:: WHAT NEEDS TO BE DONE ::
The copy must hold exactly the lines from the one with "A good antique" through the end of the listing below, and nothing else, with no pictures.

:: DATA EXCERPT ::

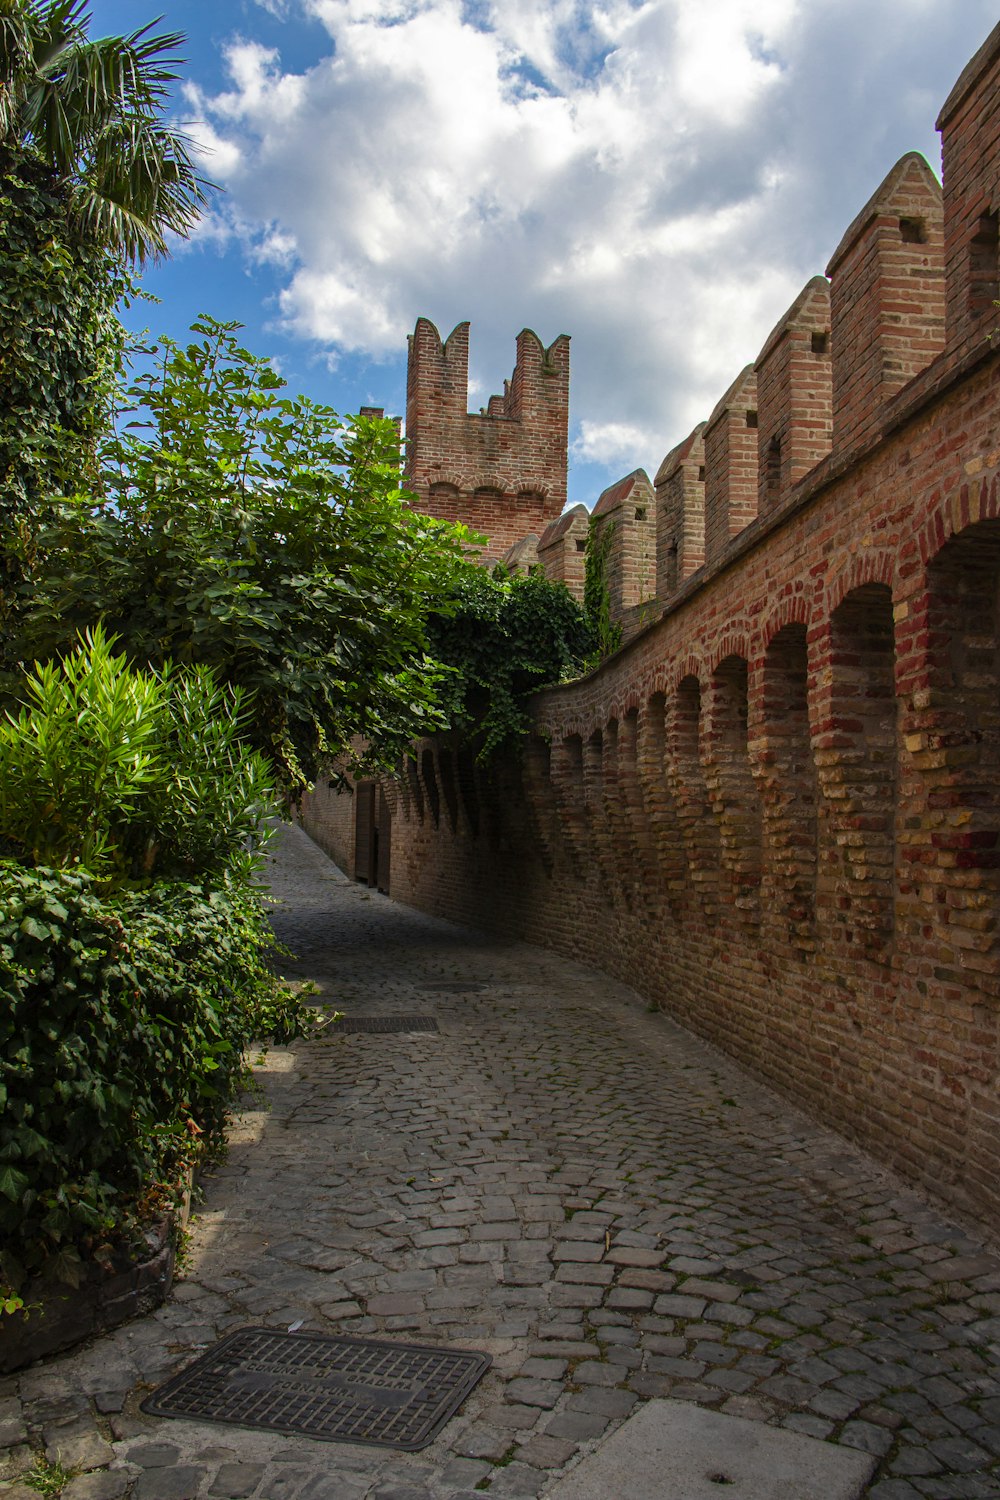 a cobblestone street lined with trees and bushes
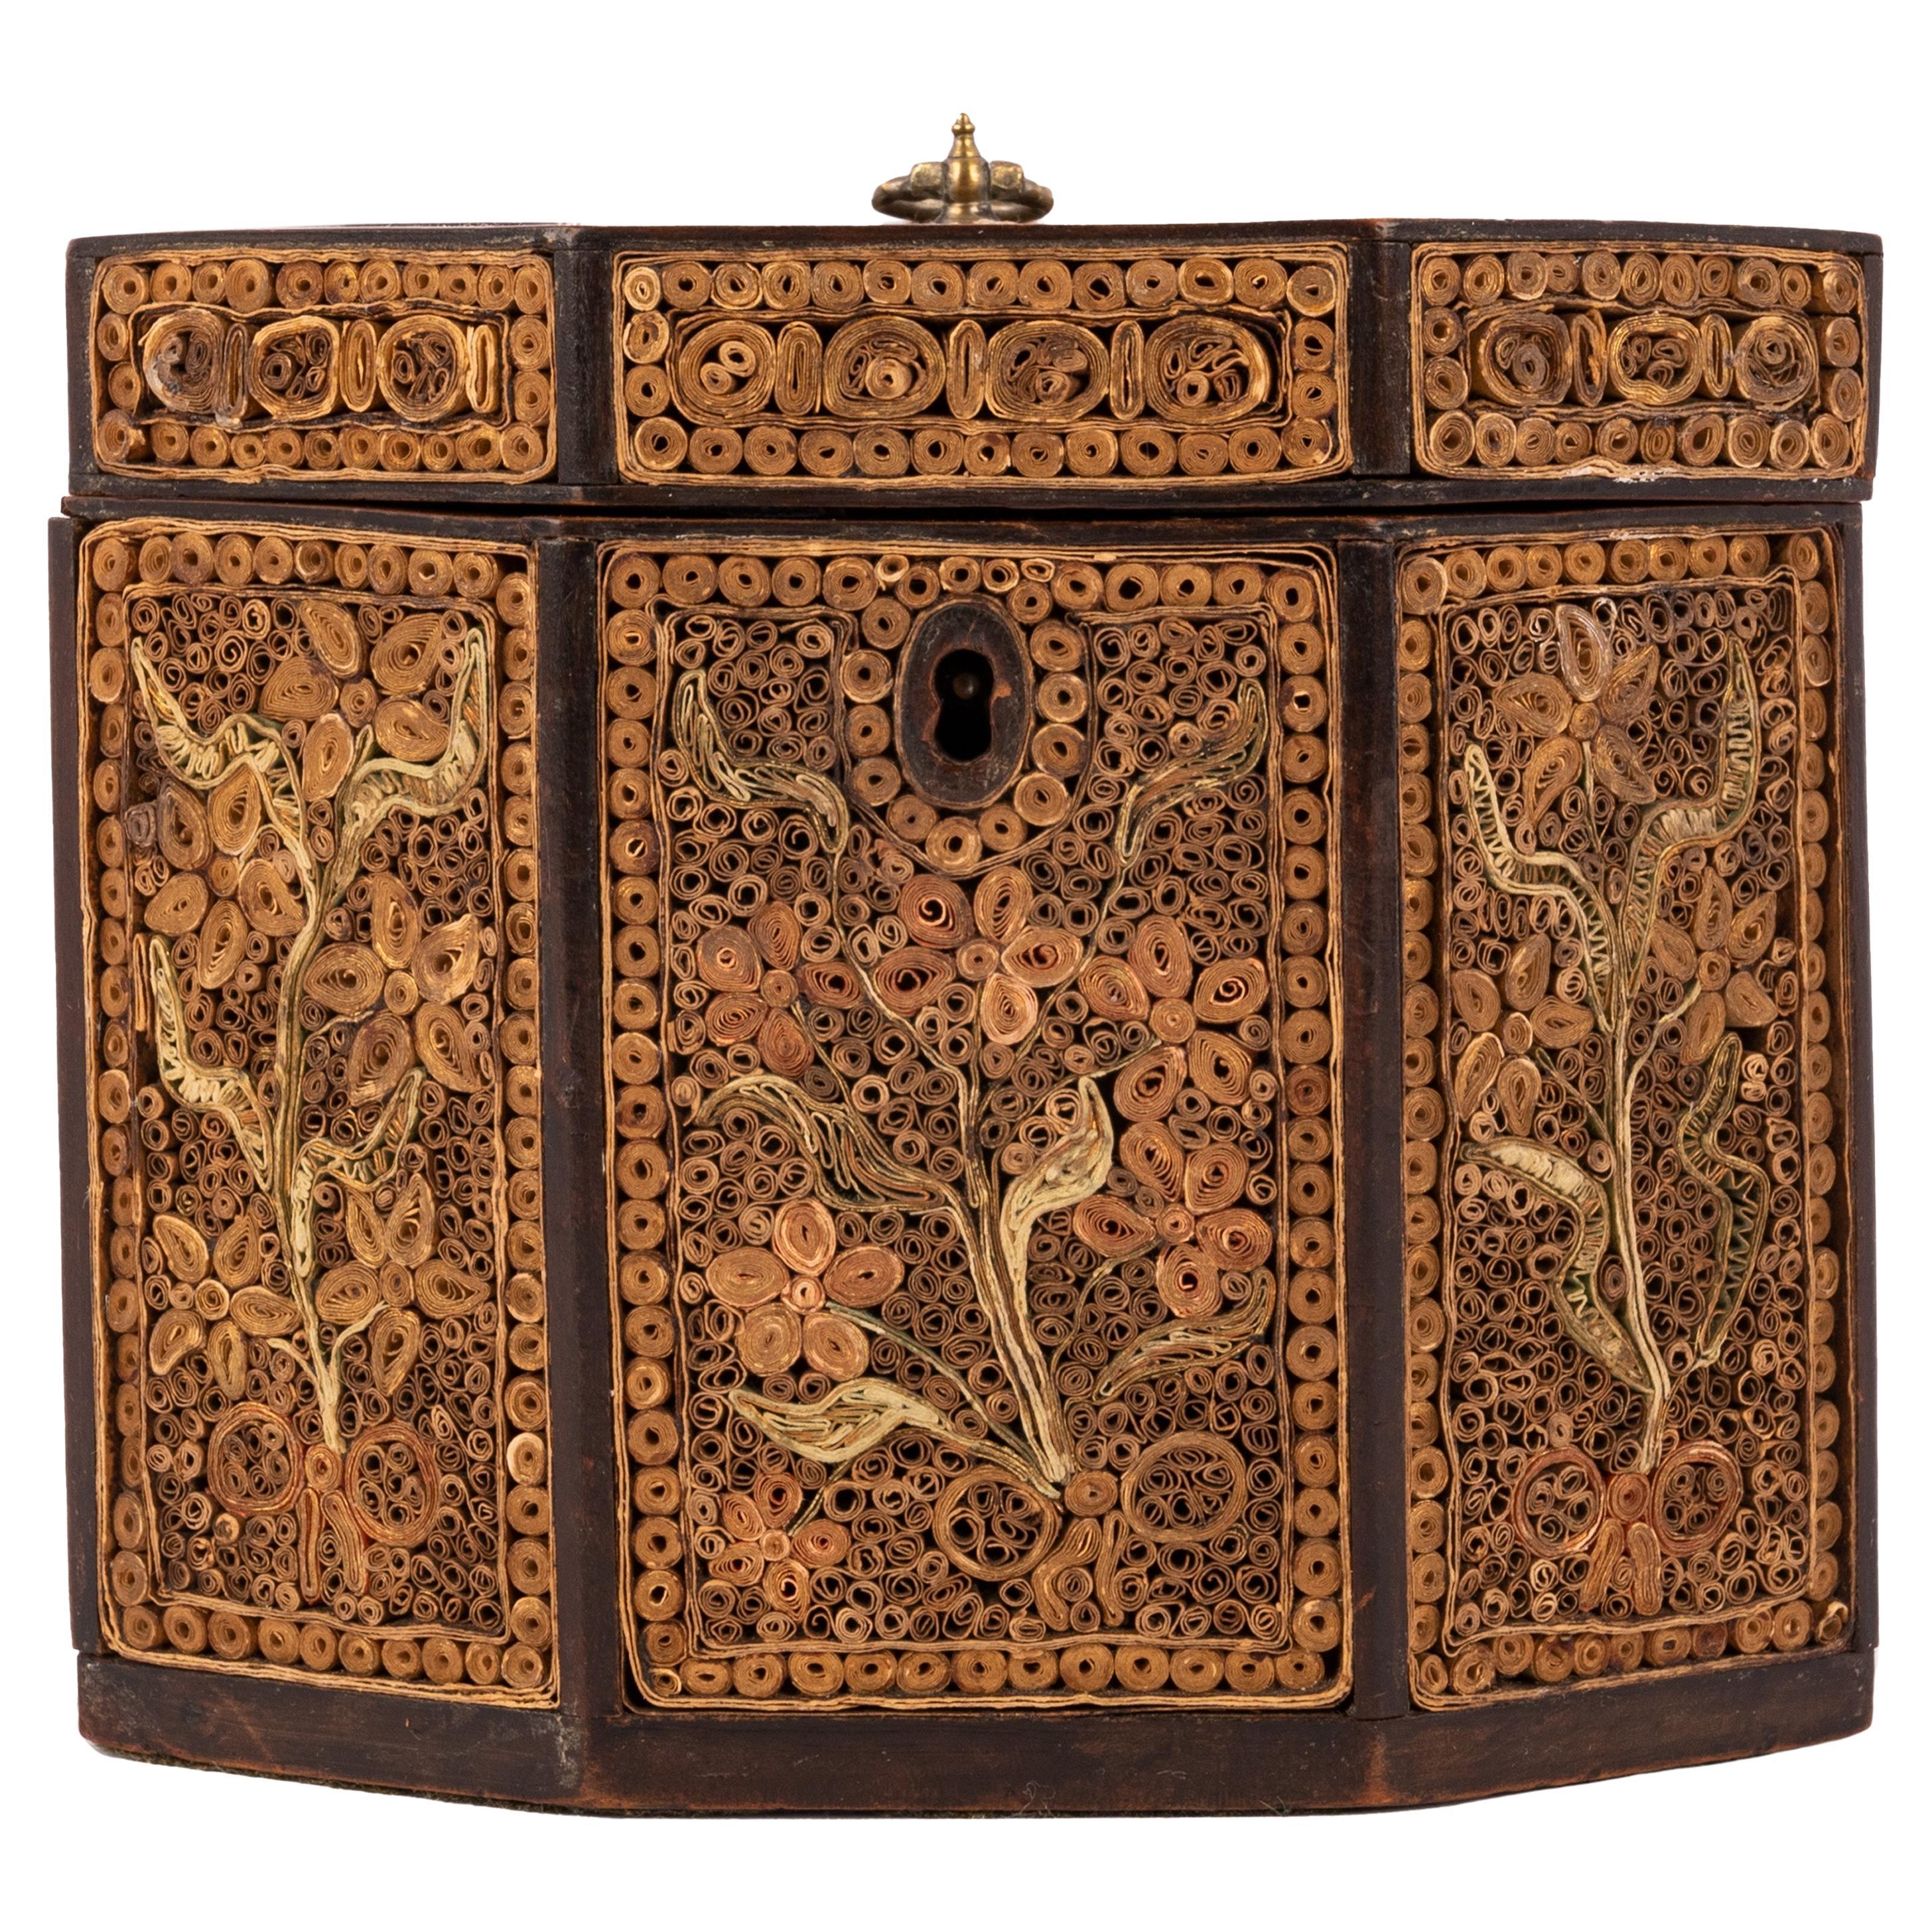 A good antique Georgian scrollwork tea caddy, circa 1780.
An octagonal shaped paper scroll tea caddy, the front, back and cover decorated overall with paper scrolls in stylized floral and foliate motifs. The caddy having a hinged lid with an

:: ANSWER BELOW ::
 A good antique Georgian scrollwork tea caddy, circa 1780.
An octagonal shaped paper scroll tea caddy, the front, back and cover decorated overall with paper scrolls in stylized floral and foliate motifs. The caddy having a hinged lid with an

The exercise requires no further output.